Hide Above

British·
££££
·
Gold Award
·

SquareMeal Review of Hide Above

Gold Award

True to its name, Hide Above can be hard to find – the entrance is seamlessly concealed in plain sight on Piccadilly by large wooden doors which seem like they might in fact just be a wall.

Once inside (and up the stairs), the atmosphere is warm and relaxed, featuring widely spaced tables that ensure you never find yourself locking eyes with your fellow diners. Wherever you’re seated you’ll be afforded good views; either of Green Park through the glass front of the building or of the kitchen, which can be appreciated in the back half of the space. 

A meal here features the unusual flavour combinations and inventive presentation that are the hallmark of chef and owner Ollie Dabbous. Snacks set the tone with a richly umami Jerusalem artichoke stock accompanied by house-made charcuterie, wrapped around bones and feathers.  
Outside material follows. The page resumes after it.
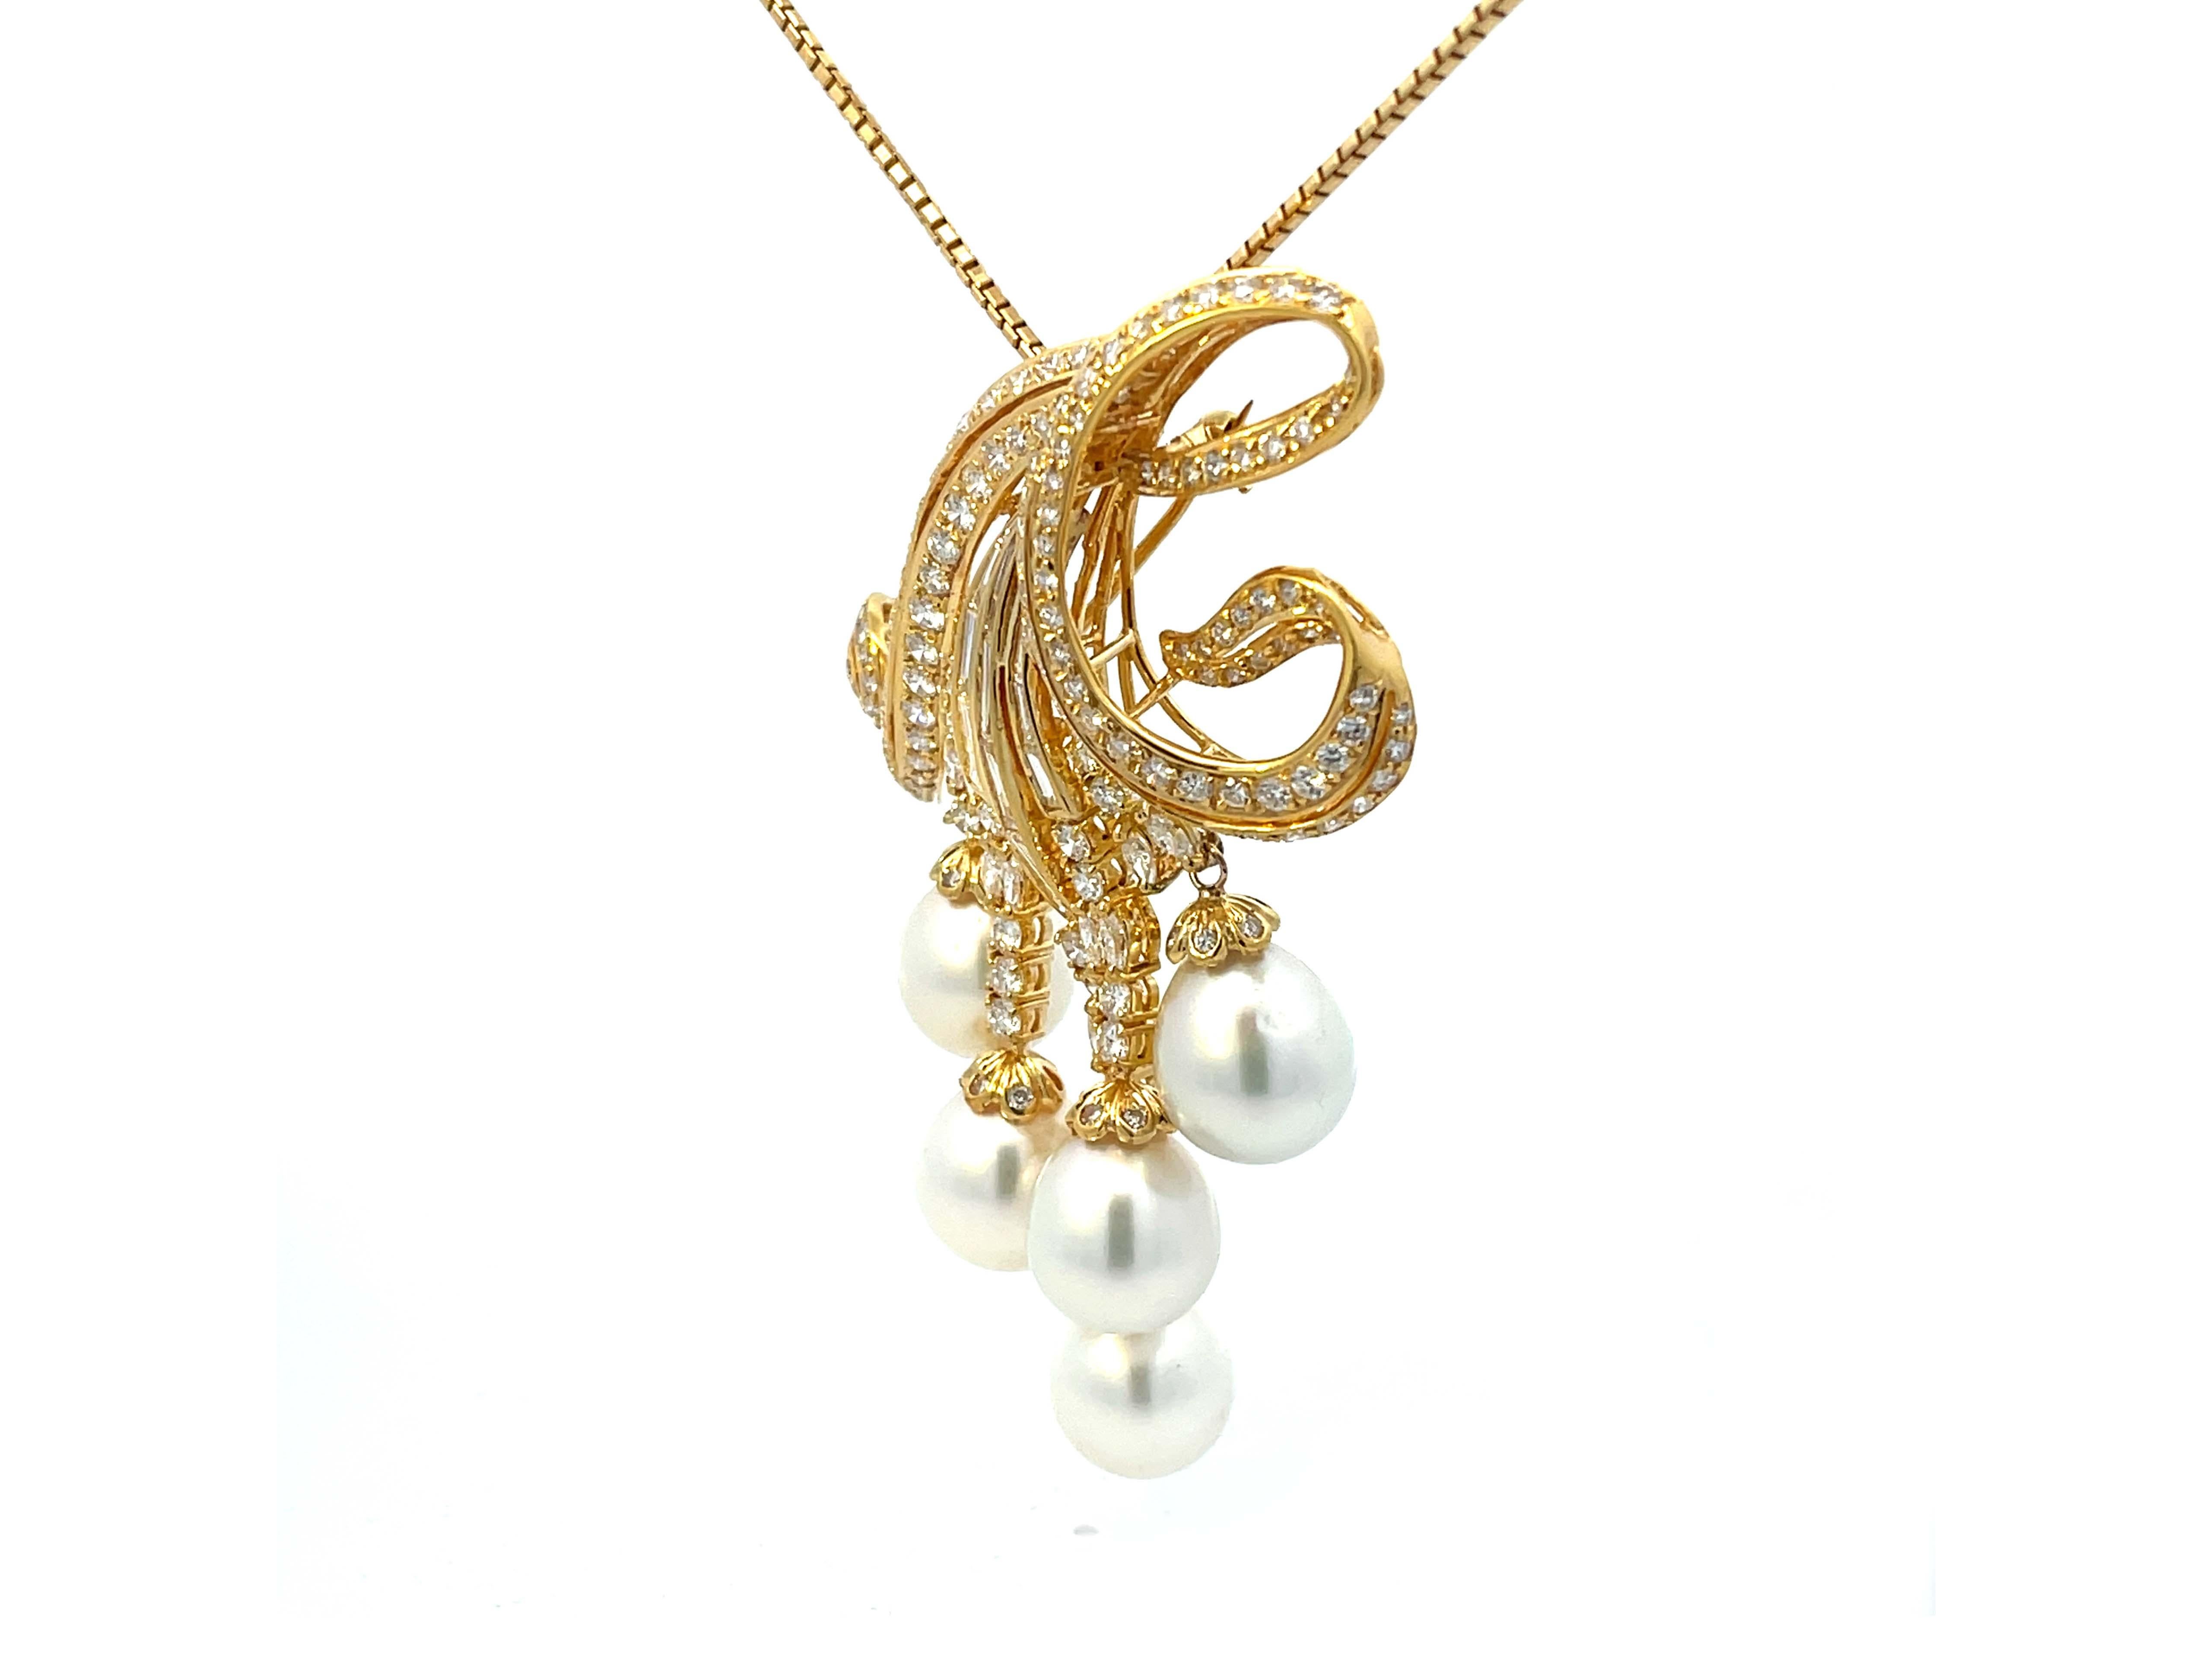 Brilliant Cut Large Diamond and Pearl Necklace in 18k Yellow Gold For Sale

Starters proper bring a light picked crab dish which is surrounded by a broth lightly scented with kaffir lime leaves to cut through the rich sea notes, plus the house signature ‘nest egg’ – a wonderfully smoky concoction of a slow-cooked egg yolk combined with butter, toasted mushrooms and cream all presented in a hollowed-out egg nestled on a bed of hay.

A main of sweetly glazed Wagyu short rib was balanced with a molasses yoghurt and charred spring onions but with just one small piece of meat served, it made the £44 price tag feel punchy; if you’ve time on your hands, the tasting menu (£140) might be the better way to get the most out of the food here.
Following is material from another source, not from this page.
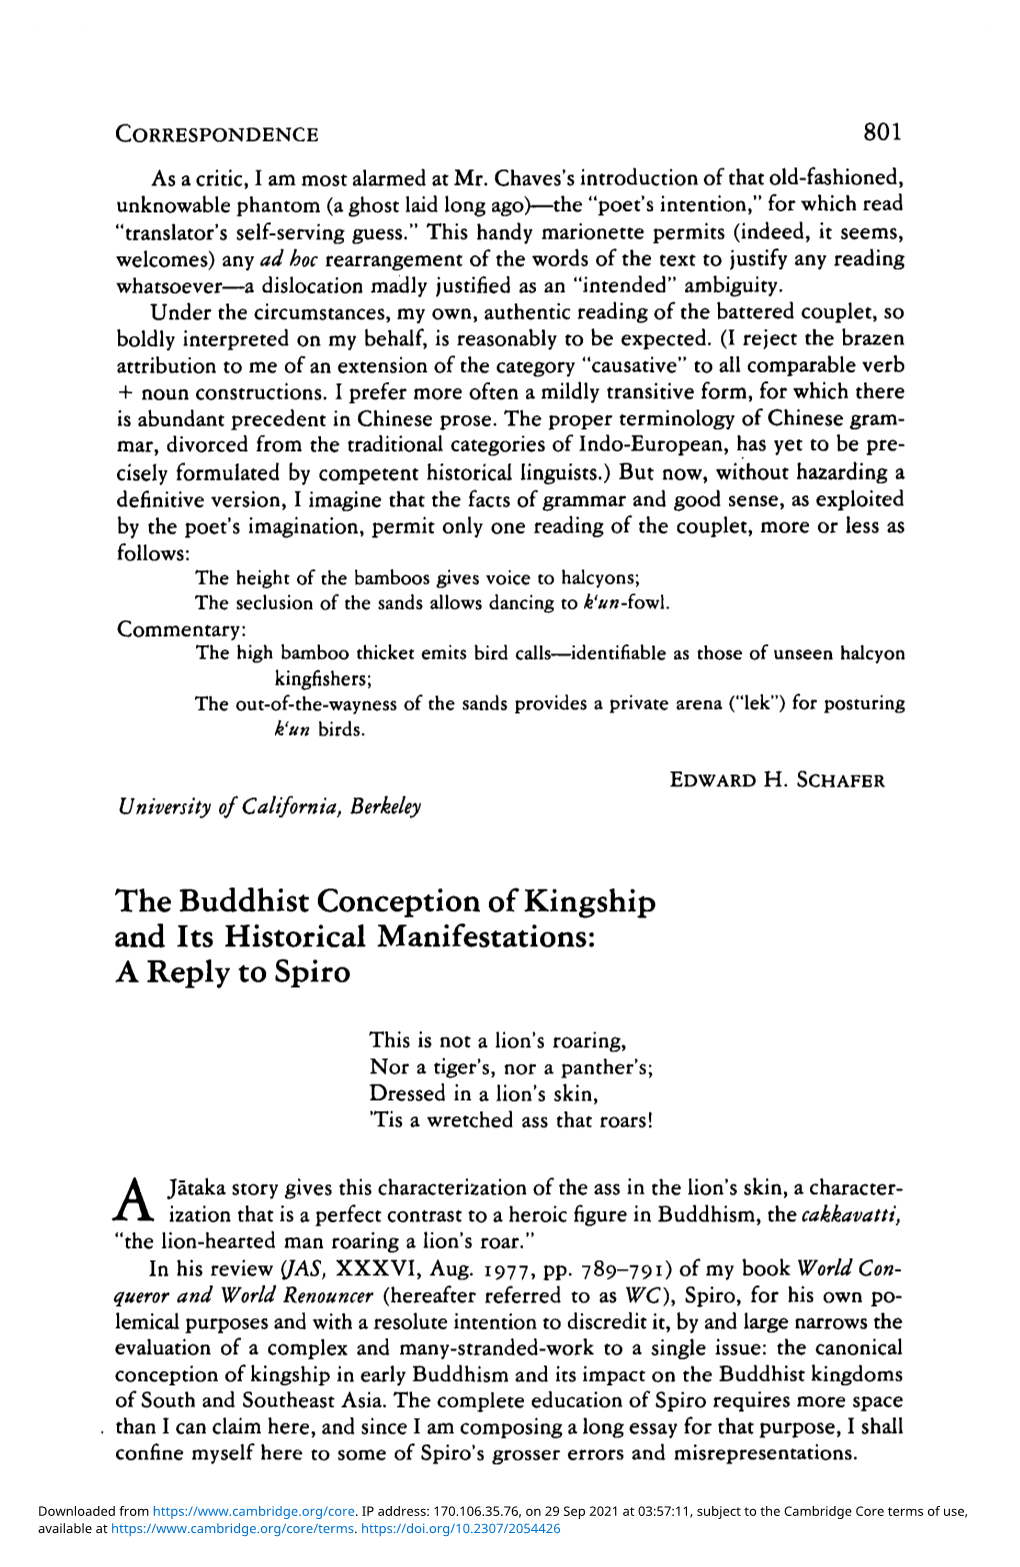 The Buddhist Conception of Kingship and Its Historical Manifestations: a Reply to Spiro

Despite the quirky interiors – there are hints of Wes Anderson in the curved central staircase and the raised impressions of flowers printed into the walls, albeit if the director didn’t like colour – and small portion sizes, this is definitely a place of excess: the private dining room hides a car lift which brings guests directly to their table while the tables conceal drawers with phone chargers for each diner.

The service plays into this need to please with keen and knowledgeable staff topping up drinks faster than you can quaff them, and detailed explanation of each plate accompanying your courses, which can begin to wear by course eight of the tasting menu. The team of sommeliers are ever present too, perfectly pairing a range of dangerously drinkable wines – a fresh and textured white to start, for instance, and a slightly smoky pepper-rich plum shiraz to complement the beef main.
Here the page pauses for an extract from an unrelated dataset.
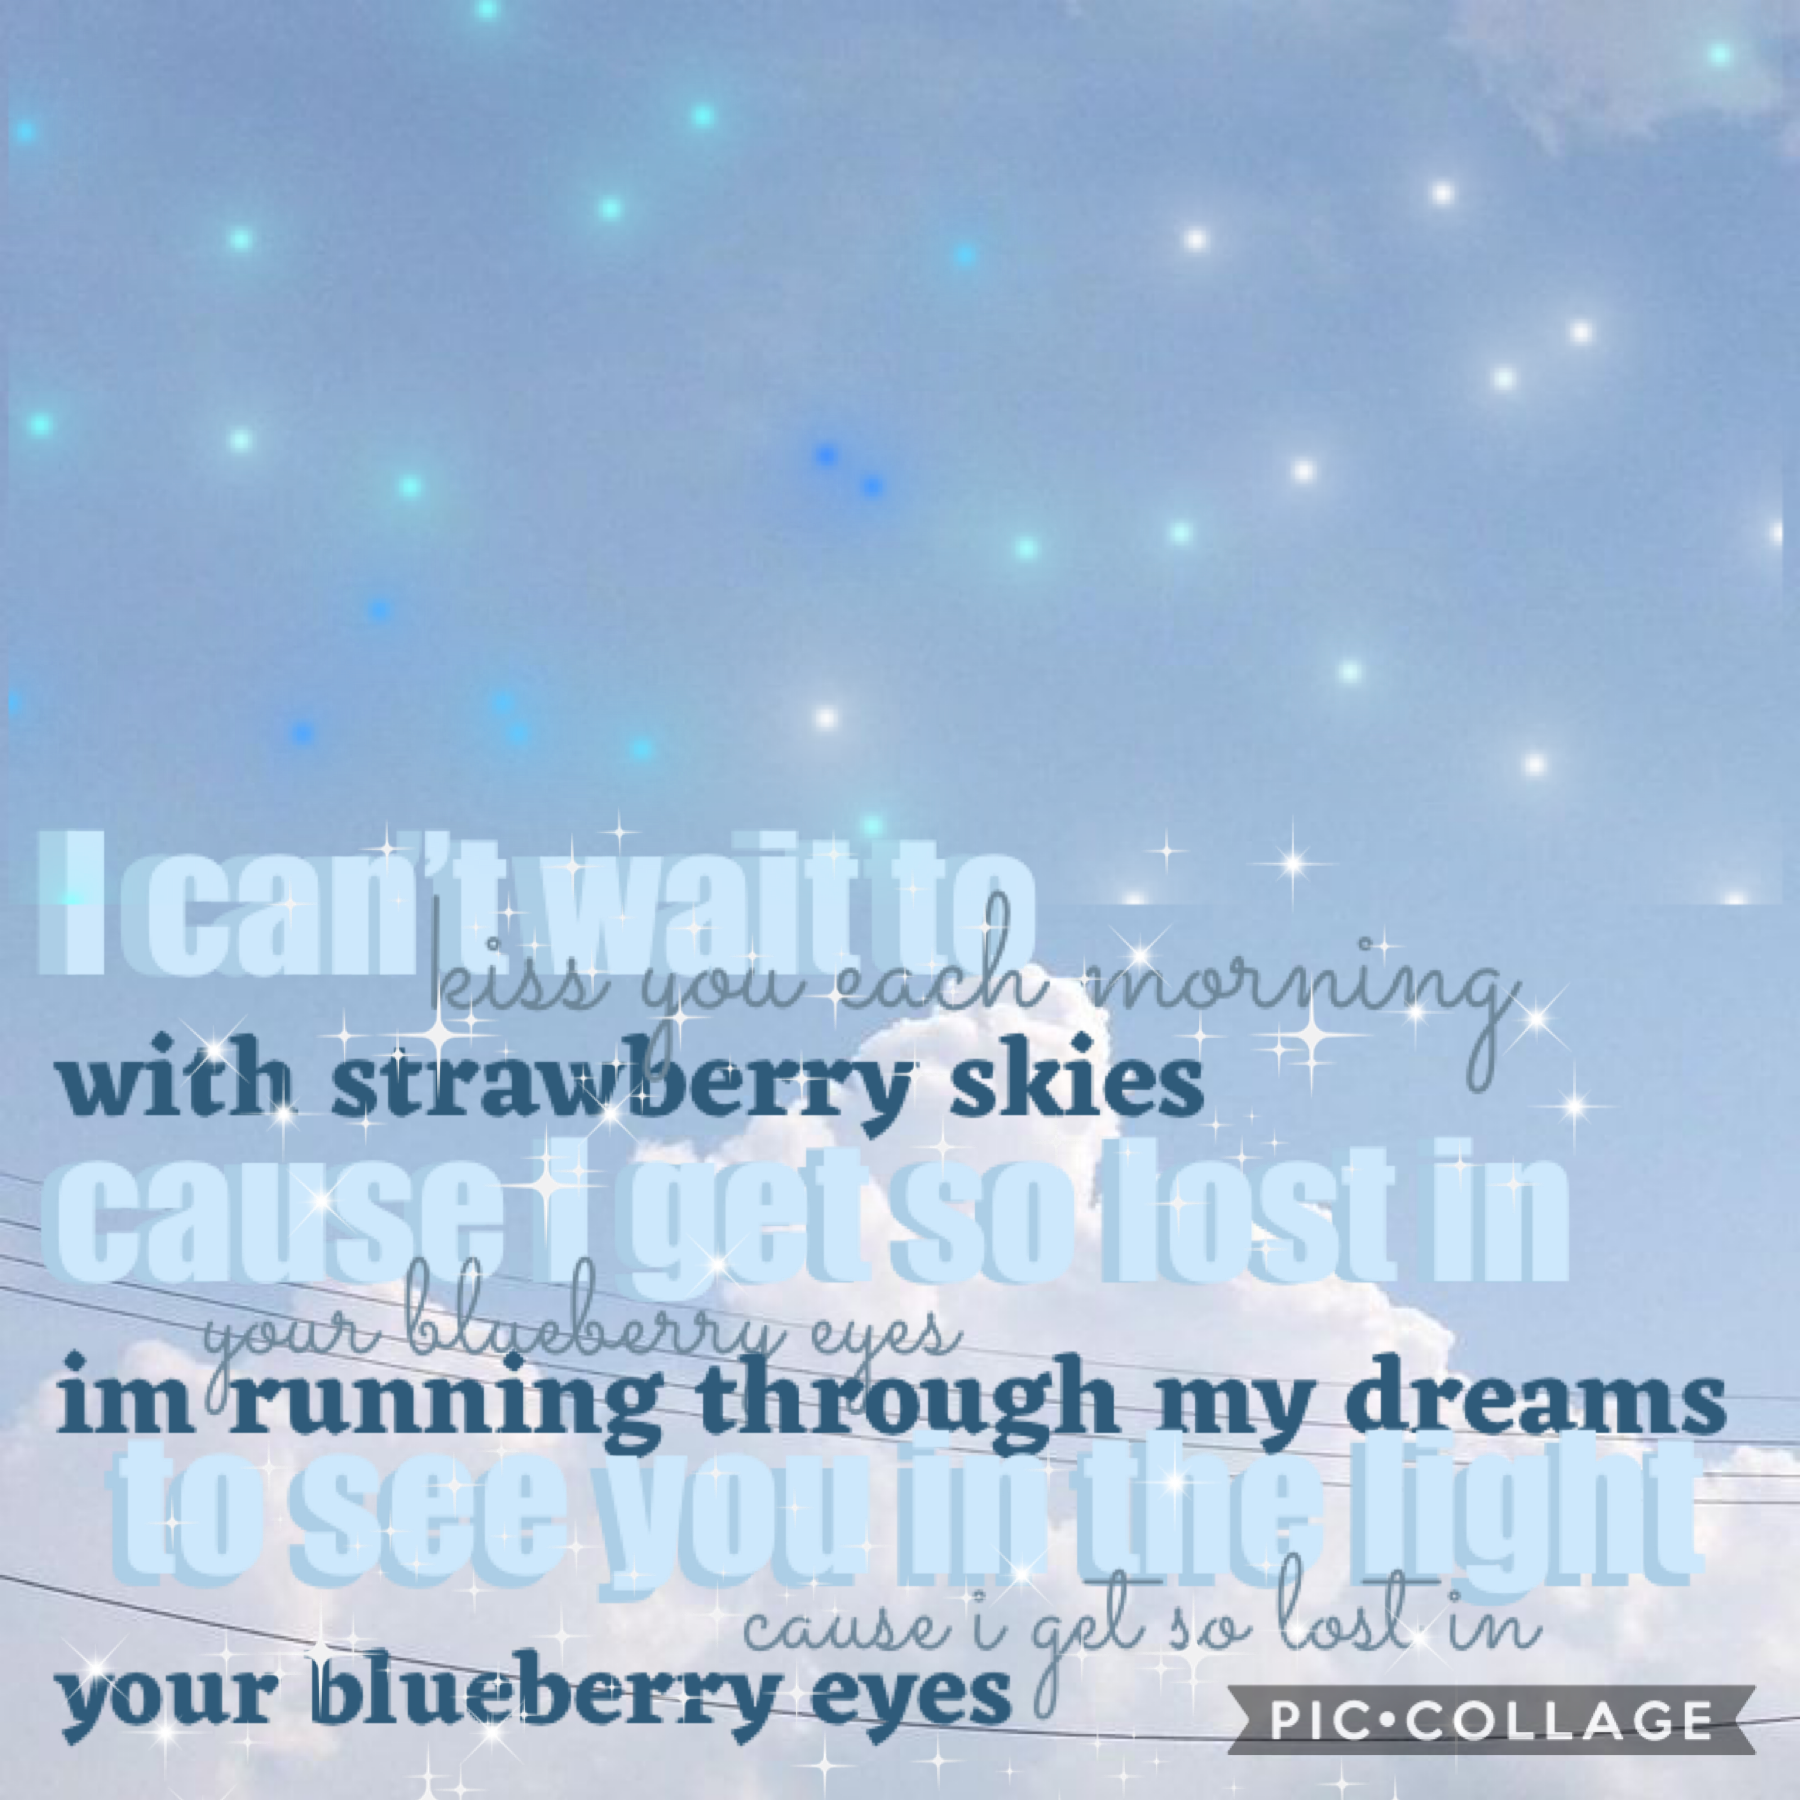 🧵tap💍
hey! I’m back! 
listen to “blueberry eyes” by MAX

It’s safe to say Hide Above is about more than the food; it’s an experience in every sense of the word. Just, perhaps, a once-in-a-lifetime one. 

Good to know

Average Price
££££ - Over £80
Cuisines
British
Ambience
Fine dining, Glamorous, Luxury, Quiet conversation, Unique, Widely spaced tables
Awards
One Michelin star, SquareMeal London Top 100
Food Occasions
Dinner, Lunch
Alfresco And Views
Great views
Special Features
Gluten-free options, Vegetarian options
Perfect for
Celebrations, Romantic, Special occasions
Food Hygiene Rating

About

Hide is the hugely ambitious project that chef Ollie Dabbous has seemed destined to open since his self-titled debut picked up every award going in 2012. The venue is actually three different spaces on different levels: Hide Below (a bar), Hide Ground (an all-day restaurant) and Hide Above (Dabbous’ domain), reached via a swirling oak staircase.

Inventive visuals include caviar-beaded tuna tartare prettily heaped at the centre of an ornamental plate but there's substance behind the style, too, in the likes of a breathtakingly subtle dish of red mullet in a bread and saffron sauce, and a gamey, dry-aged Goosnargh duck breast. Puddings are also best-in-class, from the 'garden ripple ice cream’ that looks like a slice of Twister to a swirl of coconut cream fashioned into a white rose petal. 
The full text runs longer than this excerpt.